BATON ROUGE, La.  — Vice President Joe Biden and U.S. Attorney General Loretta Lynch are scheduled to speak Thursday at a Baton Rouge vigil honoring the three law enforcement officers who were killed by a lone gunman during a shootout outside a convenience store.

Louisiana Gov. John Bel Edwards and relatives of the slain officers also are expected to speak during the ceremony at Healing Place Church, where a funeral was held last Friday for 41-year-old Baton Rouge police officer Matthew Gerald.

Gerald, 45-year-old sheriff's deputy Brad Garafola and 32-year-old police officer Montrell Jackson were shot and killed July 17 by 29-year-old Gavin Long, an Army veteran from Kansas City, Missouri. Long also wounded three other officers before a SWAT officer gunned him down.

Sheriff's Deputy Nicholas Tullier was critically wounded and has remained in a hospital since the shooting.

Authorities said Long was targeting police when he ambushed the officers in Baton Rouge, where racial tensions had been mounting amid protests over a deadly police shooting. Alton Sterling, a 37-year-old black man, was shot and killed during a struggle with two white police officers July 5.
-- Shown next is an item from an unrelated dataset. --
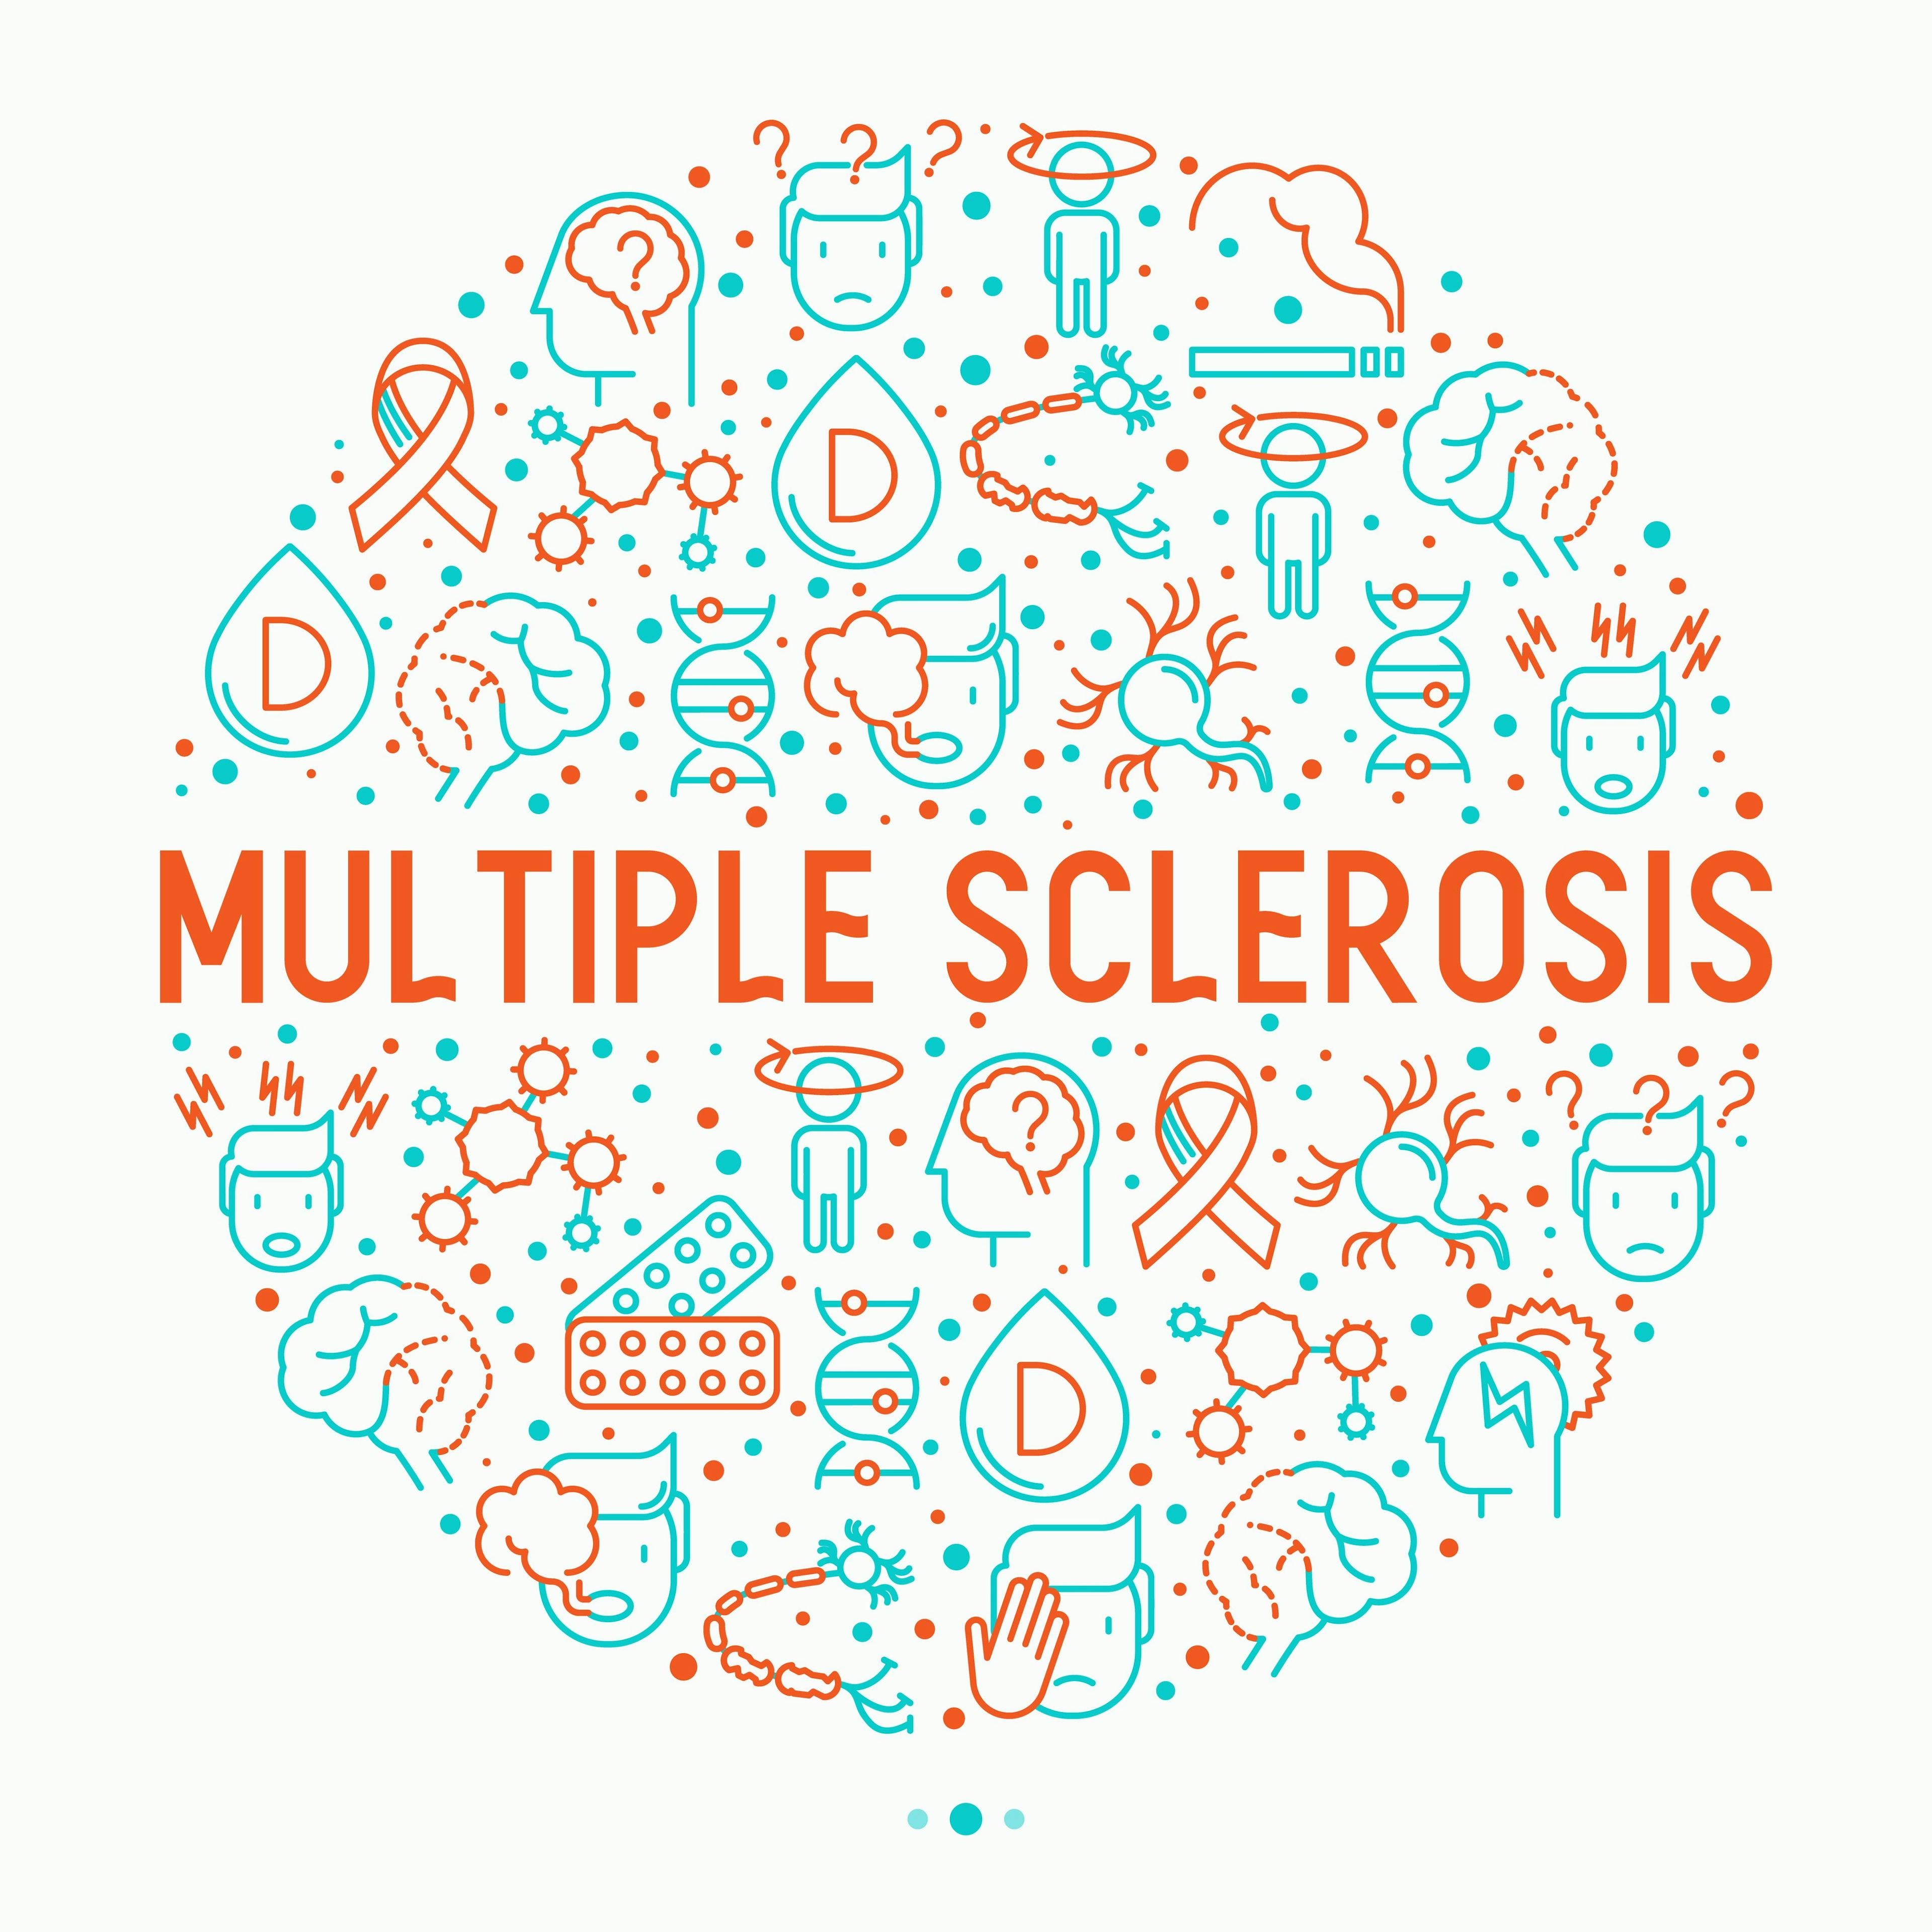 Multiple Sclerosis Concept Map | image credit: AlexBlogood - stock.adobe.com

Jackson, a corporal, was a 10-year veteran of the Baton Rouge Police Department. He was married and had a 4-month-old son. Days before he was shot to death, Jackson posted a message on Facebook about the difficulties of being both a black man and a police officer in the tumultuous aftermath of Sterling's shooting.

"Please don't let hate infect your heart. This city MUST and WILL get better," wrote Jackson, whose funeral was Monday.

Garafola, whose funeral was Saturday, is survived by a wife and four children: sons ages 21 and 12, and daughters ages 15 and 7.

Sheriff Sid Gautreaux said Garafola "went down fighting," with surveillance video showing him firing at the gunman as bullets hit the concrete around him.

Gerald was a former Marine and Army veteran who served three tours in Iraq before joining the police force nine months ago. His wife, Dechia Gerald — now a widow with two young daughters — called him "my blue-eyed rock" in a written tribute. She expressed hope that his legacy will "bridge the gap and foster peace in the country he lived, loved and died for."